Abenny · 07/04/2025 16:45

if you are only a few years from the age you gave them then I think they automatically move you into more safer territories

This depends on who you are with and what you're invested in- you need to check. You also may not want to be moved too much out of equities if you are planning to draw down, so it's worth getting some advice.

Ihateslugs · 07/04/2025 16:48

It’s very difficult to know what do do though. I am already retired and have two pensions related to my employment which I’m already receiving so I think they will be unaffected - one a teachers one and a small one from my first job at a Utility company. Together with my State Pension ( smaller because as a teacher for 25 years I was contracted out) I can just about live month to month on my income but rely on investments for extras like home repairs, replacement car, holidays and large unplanned for bills)

This fund will be affected by the current uncertainty as most of it is linked to shares, albeit at a low risk ( my choice ) but still goes down with any stock market downturns. In the past I have taken the advice of my financial advisor to wait it out and eventually the markets did pick up but this time, I’m older and worried that the downturn has not yet hit rock bottom and it will be slow to regain the losses. I can access other funds in fixed rate bonds and gvt bonds for the time being but I might need to make some decisions about the bulk of my savings soon.

I have not checked how much my main funds have fallen, I’d rather not know as I feel rather powerless about improving things. I think I’ll wait for my financial advisor to make suggestions, his company are very good at keeping clients informed.
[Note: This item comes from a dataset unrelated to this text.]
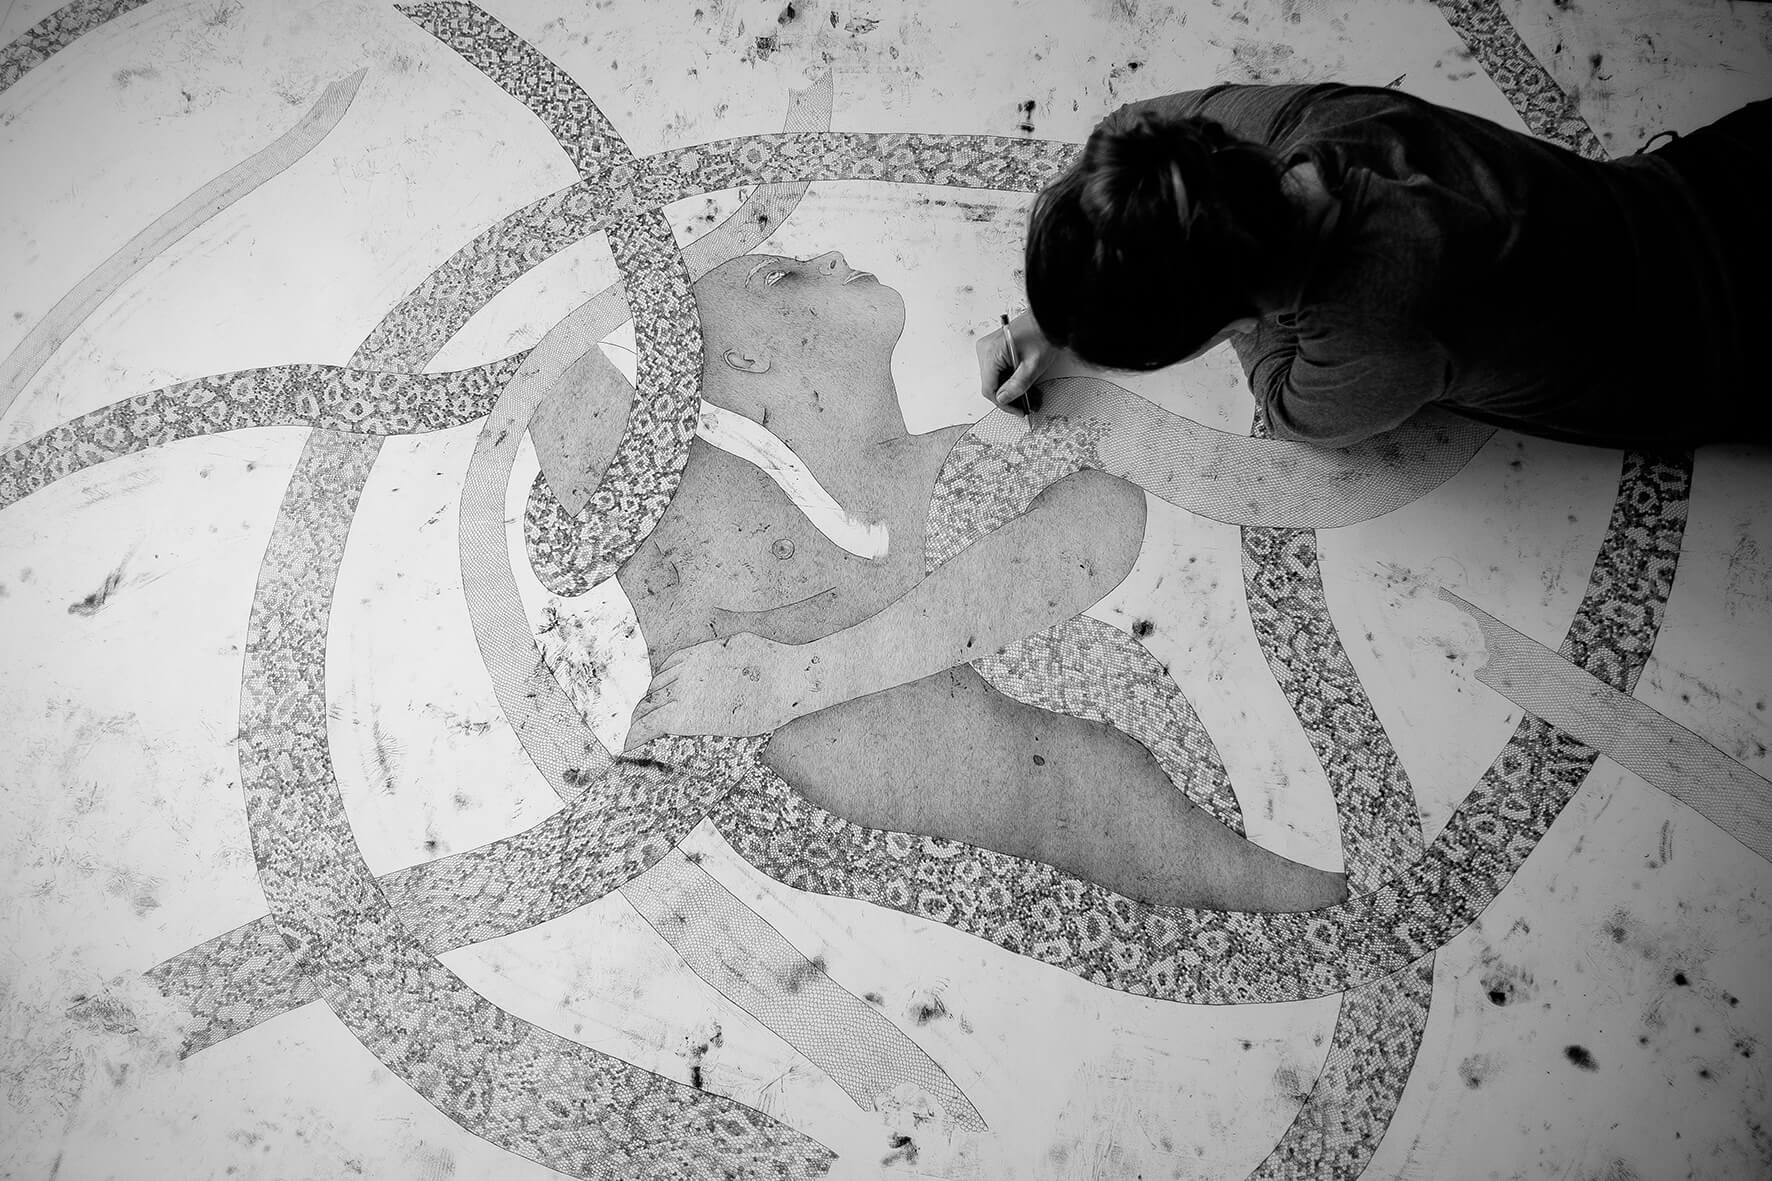 מורן קליגר בתהליך העבודה. צילום: גיא טובול
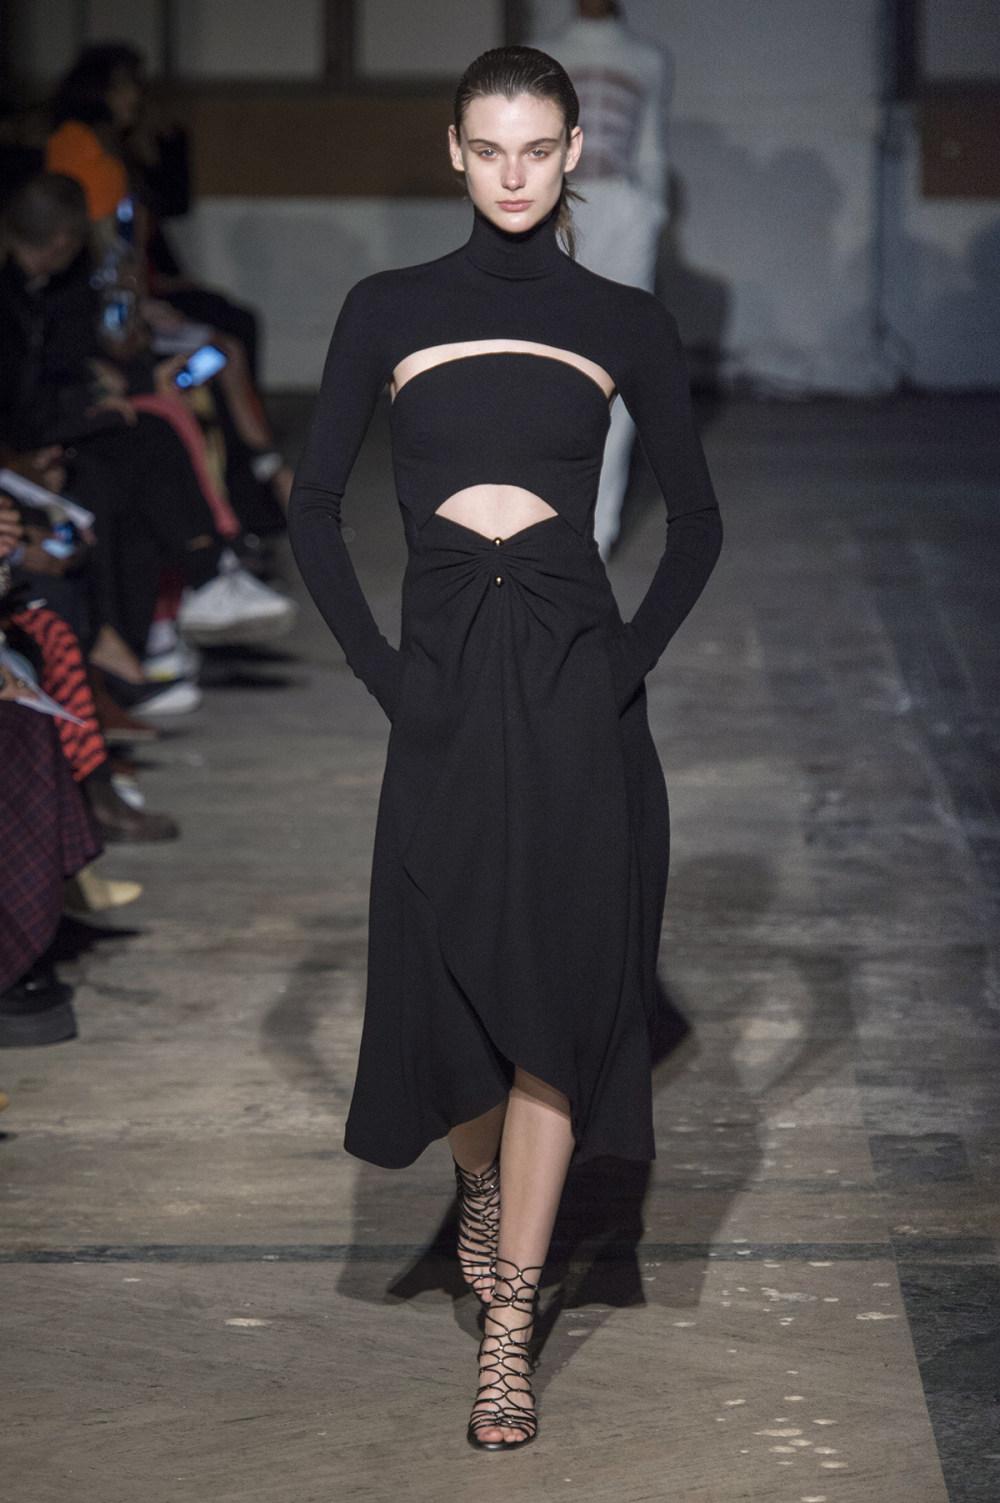 Dion Lee没有紧身衣的连衣裙被聚集或扭曲保持调色板的简约和奢华-8.jpg

I am very worried though about my children, both live here in the UK but one works for a car manufacturer that is a huge exporter to the US and has already laid of workers in their factories and the other works for a company based in the US! Goodness knows if their jobs will be affected!

OhDoShutUpGeorge · 07/04/2025 17:03

Abenny · 07/04/2025 16:45

if you are only a few years from the age you gave them then I think they automatically move you into more safer territories

This depends on who you are with and what you're invested in- you need to check. You also may not want to be moved too much out of equities if you are planning to draw down, so it's worth getting some advice.

Yes you are right. People should check. All mine seemed to move me when I gave them my new planned retirement age but perhaps some don't.

It's really hard to plan though as the last few years taking an annuity was looking attractive again (I watch James Shack on You Tube) but now if interest rates fall annuities I think will become less desirable again.